Goal Refinement Using the Goal-Question-Metric Approach [1]

In order to identify dependability goals, we first defined the high-level goals (G1-G3) for our dependability characterization and measurement:

G1: Understand definition of dependability and needs or expectations for the operational eWorkshop, with respect to dependability, from its stakeholders’ perspective.

G2: Characterize the operational eWorkshop software with respect to its dependability, from each stakeholder’s perspective, in the context of its most recent version.

G3: Characterize the satisfaction of stakeholders with the eWorkshop, with respect to dependability, in the context of its most recent version.

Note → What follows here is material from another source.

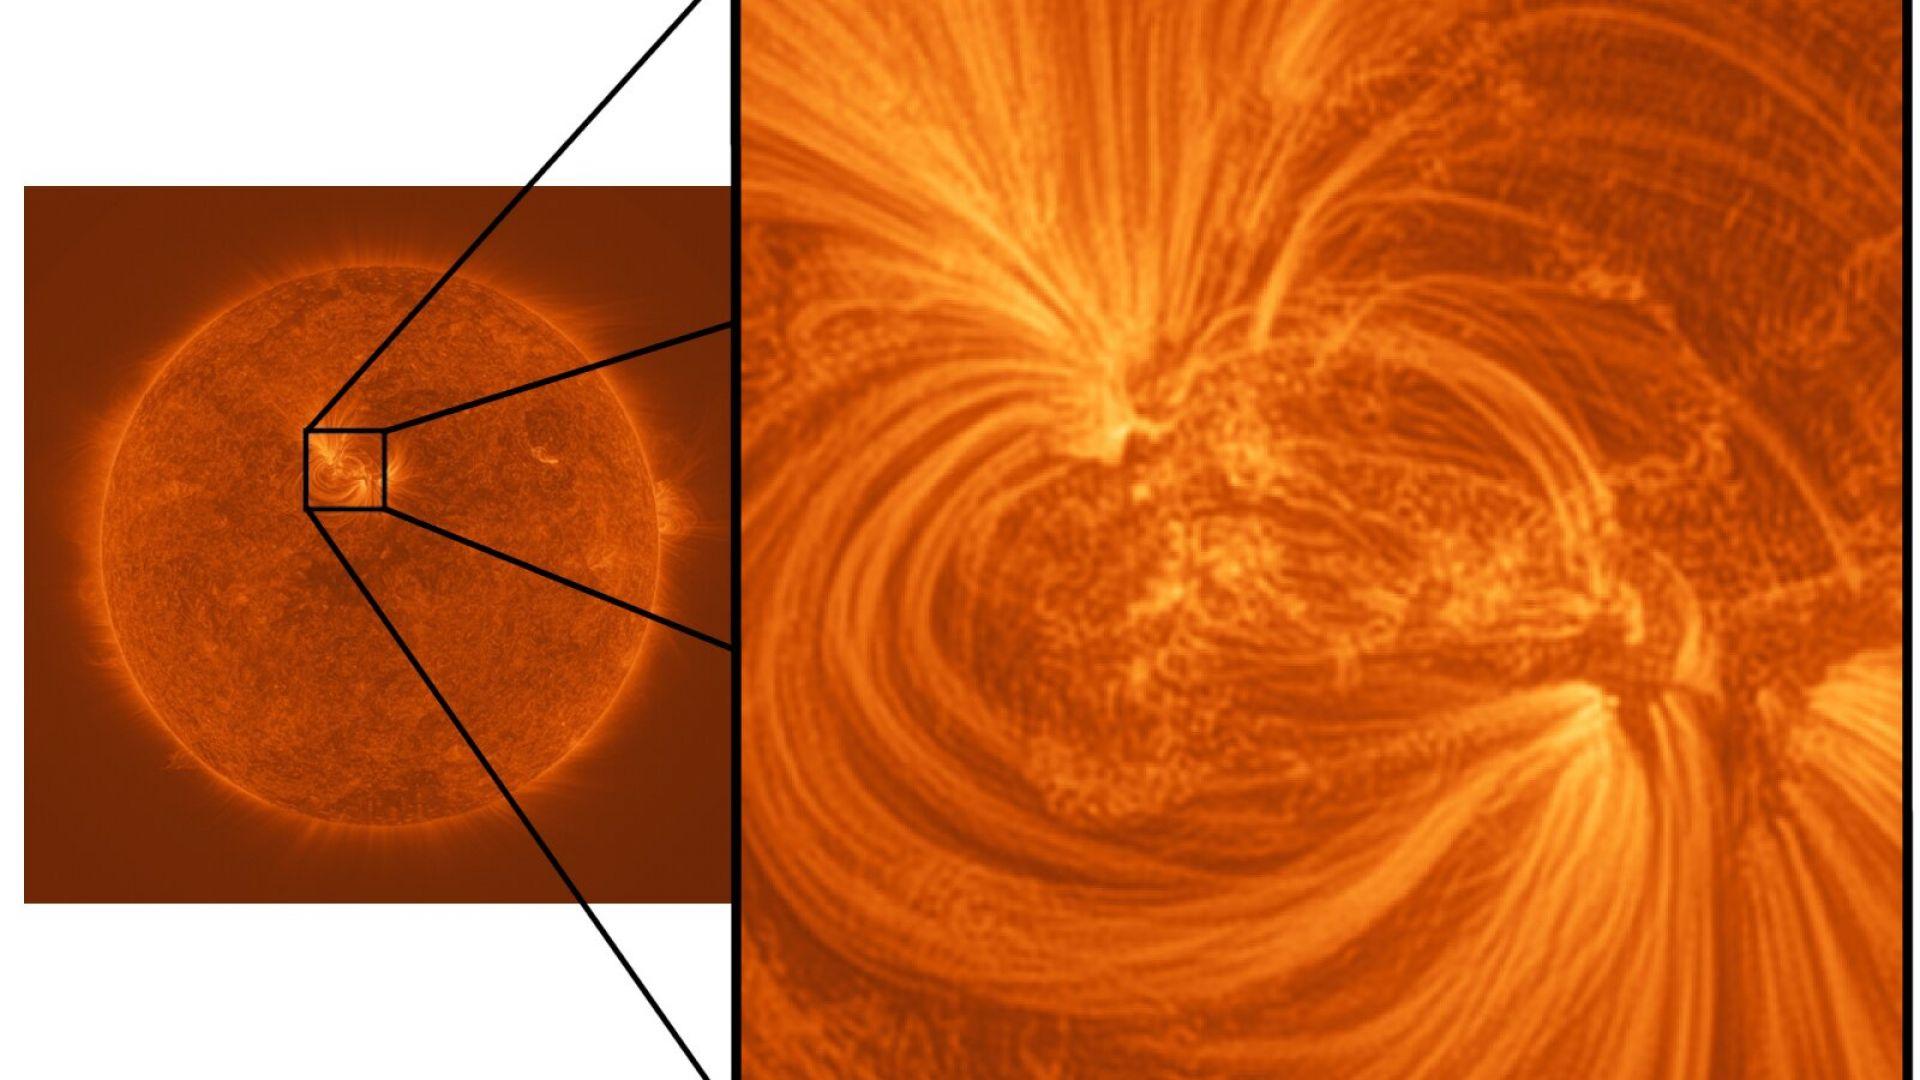 Учени направиха уникална снимка на Слънцето

Then, we refined these goals, taking into account the stakeholders and specific metrics for the eWorkshop tool. We were guided by a collection of definitions, measures, and models of dependability attributes that we gathered by performing a literature survey. The relevant dependability properties and their measurement indicators that we identified for the eWorkshop were:

Availability:

Av1: Total time the system was available during a session
Av2: Continuous time that the system was available during a session
Av3: Recovery time from failure

Reliability:

Re1: Availability between failures
Re2: Total number of crashes during a session

Starting with the generic goals, we derived specific goals for the various viewpoints, quality focus and purpose. Once specific goals were identified, questions and metrics for each were also identified using the Goal-Question-Metric (GQM) technique. Table 1 presents samples of questions for specific goals. We assigned identifiers to goals and questions (e.g., GPR = goal of participant for reliability, or QPR1 = question for participant related to reliability) to trace goals down to questions and metrics for the metrics identification phase, and also to trace back metrics to questions and goals in the metrics analysis and processing phase.

Table 1. Sample of Questions for Specific Goals
GPR
QPR1	What is the mean time between failure? ^** [Minutes]
QPR2	What is the failure rate? [Failures/Session]
QPR3	Percent of number of times the participant tried to use a feature and it was not accessible, out of the total number of times he/she accessed the feature?

Operational System Data Collection

In this step we conducted a gap analysis of the metrics being collected and the ones identified as needed in the GQMs. With the collaboration of the development team, we identified metrics collected by the eWorkshop that could be used to analyze the system’s dependability. An analysis of the metrics indicated that there was no need for new metrics to be collected by the system. Besides, the interview would be able to capture the perception and satisfaction of the stakeholders in order to complete the metrics being collected.

Interviews with Stakeholders

Based on the GQMs and the metrics being collected from the operational system, we created questionnaires for each type of stakeholder. Each questionnaire had two parts. In Part 1, the interviewees were asked about their experience and satisfaction with the system’s reliability and availability. The interviewees were asked the desired, acceptable and experienced values of each indicator of each dependability attribute (e.g reliability, availability).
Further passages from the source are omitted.